» **Dataset records**:
+ + + + + + +
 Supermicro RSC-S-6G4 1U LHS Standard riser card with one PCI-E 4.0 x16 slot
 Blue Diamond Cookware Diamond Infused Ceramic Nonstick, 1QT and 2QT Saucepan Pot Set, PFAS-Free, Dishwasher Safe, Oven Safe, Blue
+ + + + + + +
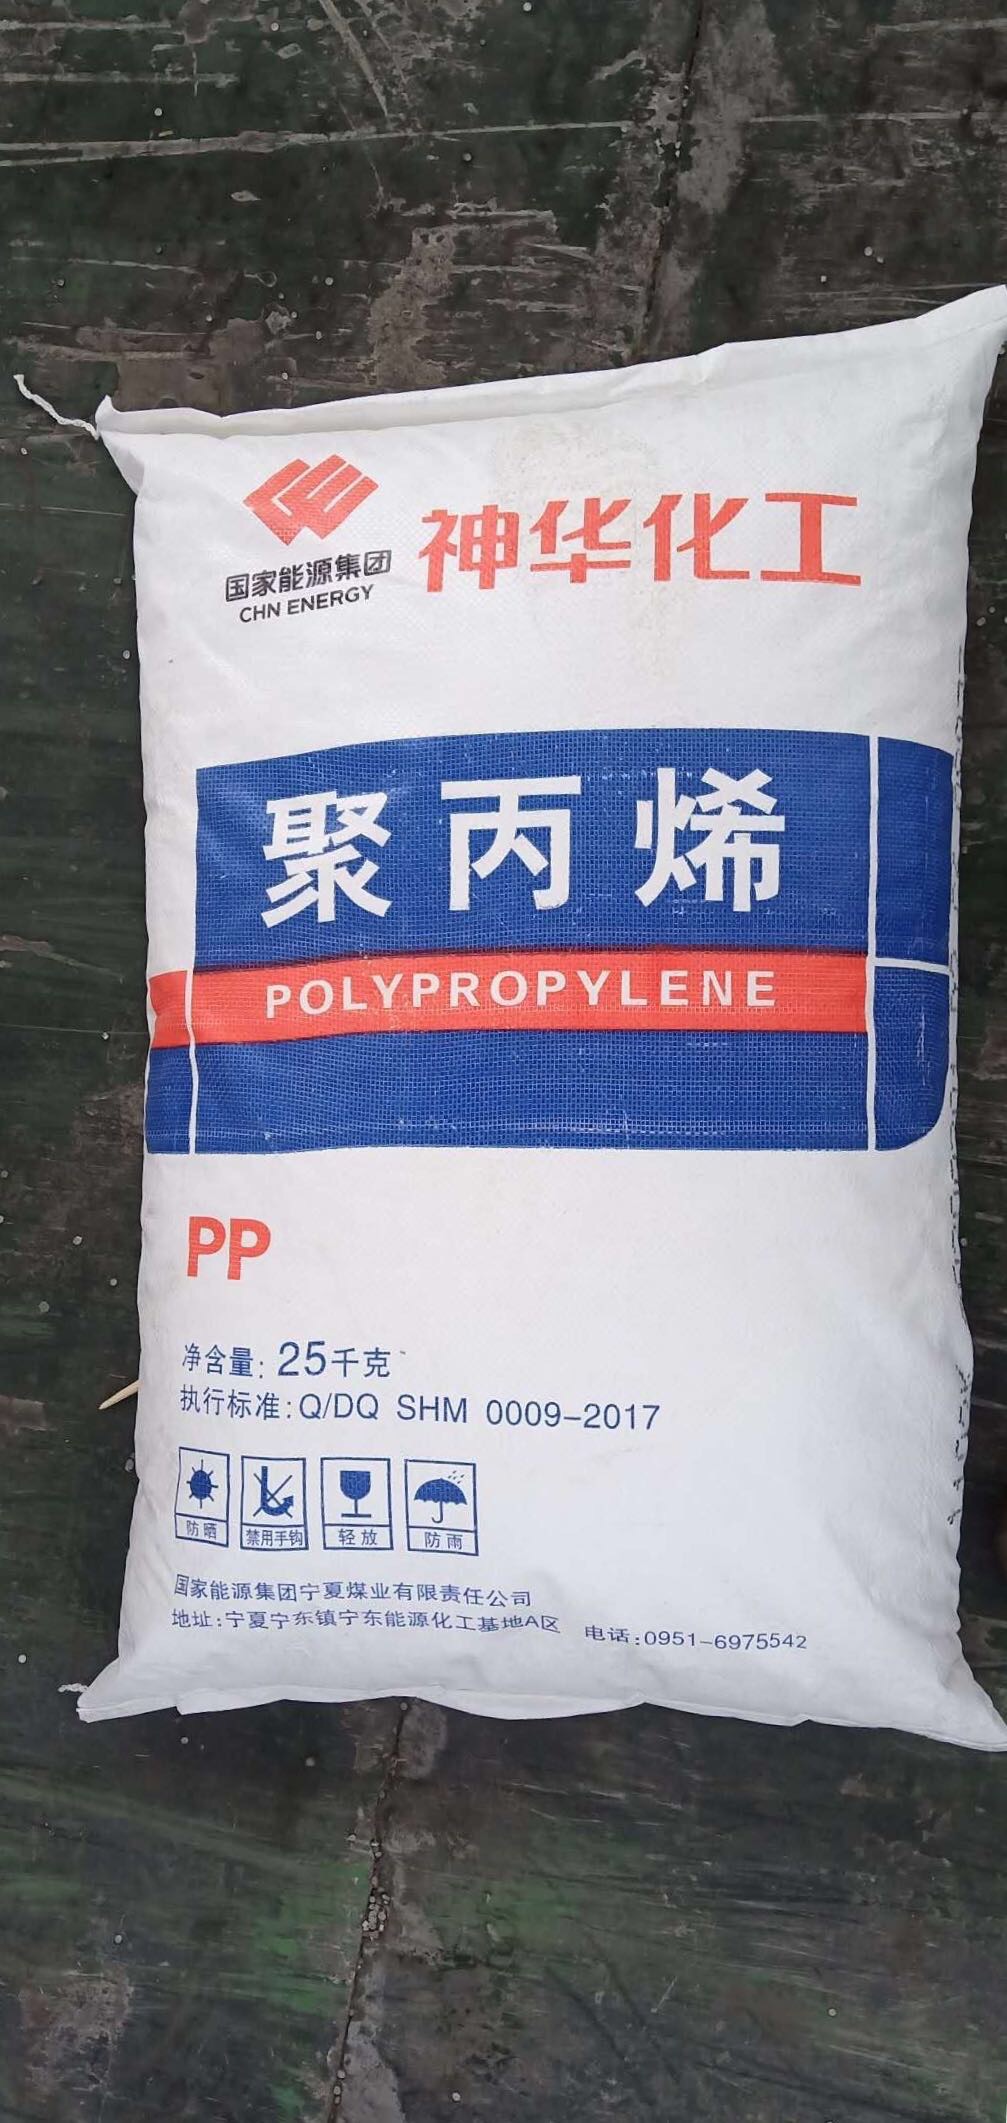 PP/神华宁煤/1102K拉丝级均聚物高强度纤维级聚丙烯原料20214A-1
+ + + + + + +
» **Problem to work on**:
In the records above, find the line with "Supermicro RSC-S-6G4 1U"; write out exactly that line and each one after it, stopping after the line with "Blue Diamond Cookware".

» **Result of the exercise**:
 Supermicro RSC-S-6G4 1U LHS Standard riser card with one PCI-E 4.0 x16 slot
 Blue Diamond Cookware Diamond Infused Ceramic Nonstick, 1QT and 2QT Saucepan Pot Set, PFAS-Free, Dishwasher Safe, Oven Safe, Blue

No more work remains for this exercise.